When capacitors are connected across a direct current DC supply voltage, their plates charge-up until the voltage value across the capacitor is equal to that of the externally applied voltage. The capacitor will hold this charge indefinitely, acting like a temporary storage device as long as the applied voltage is maintained.
During this charging process, an electric current ( i ) flows into the capacitor which results in its plates beginning to hold an electrostatic charge. This charging process is not instantaneous or linear as the strength of the charging current is at its maximum when the capacitors plates are uncharged, decreasing exponentially over time until the capacitor is fully-charged.
This is because the electrostaic field between the plates opposes any changes to the potential difference across the plates at a rate that is equal to the rate of change of the electrical charge on the plates. The property of a capacitor to store a charge on its plates is called its capacitance, (C).
Thus a capacitors charging current can be defined as: i = CdV/dt. Once the capacitor is “fully-charged” the capacitor blocks the flow of any more electrons onto its plates as they have become saturated. However, if we apply an alternating current or AC supply, the capacitor will alternately charge and discharge at a rate determined by the frequency of the supply. Then the Capacitance in AC circuits varies with frequency as the capacitor is being constantly charged and discharged.
We know that the flow of electrons onto the plates of a capacitor is directly proportional to the rate of change of the voltage across those plates. Then, we can see that for capacitance in AC circuits they like to pass current when the voltage across its plates is constantly changing with respect to time such as in AC signals.

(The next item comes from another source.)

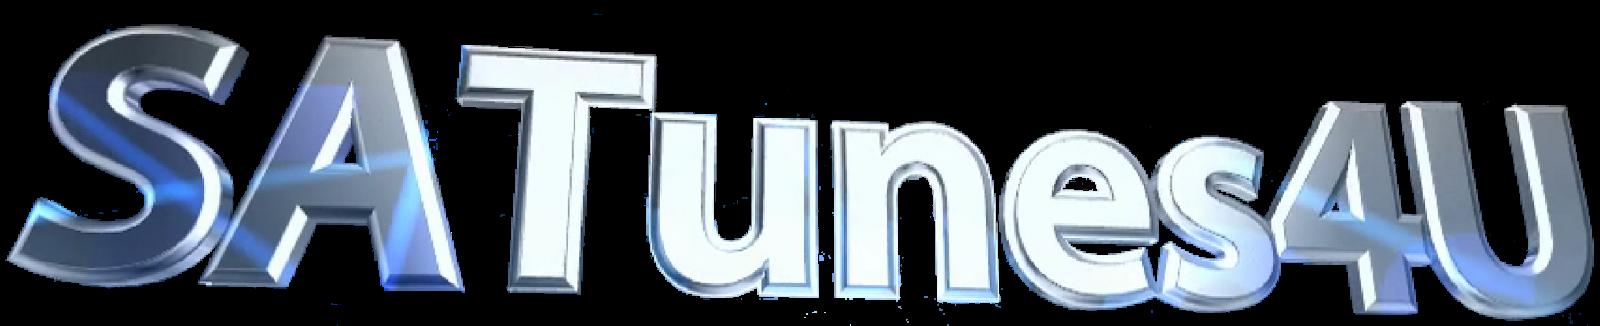 SATunes4U | Pc | Blogger tips, tricks, tutorials and widgets

However, they do not like to pass current when the applied voltage is of a constant steady state value such as in DC signals. Consider the circuit below.
In the purely capacitive circuit above, the capacitor is connected directly across the AC supply voltage. As the supply voltage increases and decreases, the capacitor charges and discharges with respect to this change. We know that the charging current is directly proportional to the rate of change of the voltage across the plates with this rate of change at its greatest as the supply voltage crosses over from its positive half cycle to its negative half cycle or vice versa at points, 0o and 180o along the sine wave.
Consequently, the least voltage rate-of-change occurs when the AC sine wave crosses over at its maximum positive peak ( +VMAX ) and its minimum negative peak, ( -VMAX ). At these two positions within the cycle, the sinusoidal voltage is constant, therefore its rate-of-change is zero, so dv/dt is zero, resulting in zero current change within the capacitor. Thus when dv/dt = 0, the capacitor acts as an open circuit, so i = 0 and this is shown below.
At 0o the rate of change of the supply voltage is increasing in a positive direction resulting in a maximum charging current at that instant in time. As the applied voltage reaches its maximum peak value at 90o for a very brief instant in time the supply voltage is neither increasing or decreasing so there is no current flowing through the circuit.
As the applied voltage begins to decrease to zero at 180o, the slope of the voltage is negative so the capacitor discharges in the negative direction. At the 180o point along the line the rate of change of the voltage is at its maximum again so maximum current flows at that instant and so on.
Then we can say that for capacitors in AC circuits the instantaneous current is at its minimum or zero whenever the applied voltage is at its maximum and likewise the instantaneous value of the current is at its maximum or peak value when the applied voltage is at its minimum or zero.
From the waveform above, we can see that the current is leading the voltage by 1/4 cycle or 90o as shown by the vector diagram. Then we can say that in a purely capacitive circuit the alternating voltage lags the current by 90o.
We know that the current flowing through the capacitance in AC circuits is in opposition to the rate of change of the applied voltage. But just like resistors, capacitors also offer some form of resistance against the flow of current. For capacitors in AC circuits opposition is known as Reactance, and as we are dealing with capacitor circuits, it is therefore known as Capacitive Reactance. Thus capacitance in AC circuits suffer from Capacitive Reactance.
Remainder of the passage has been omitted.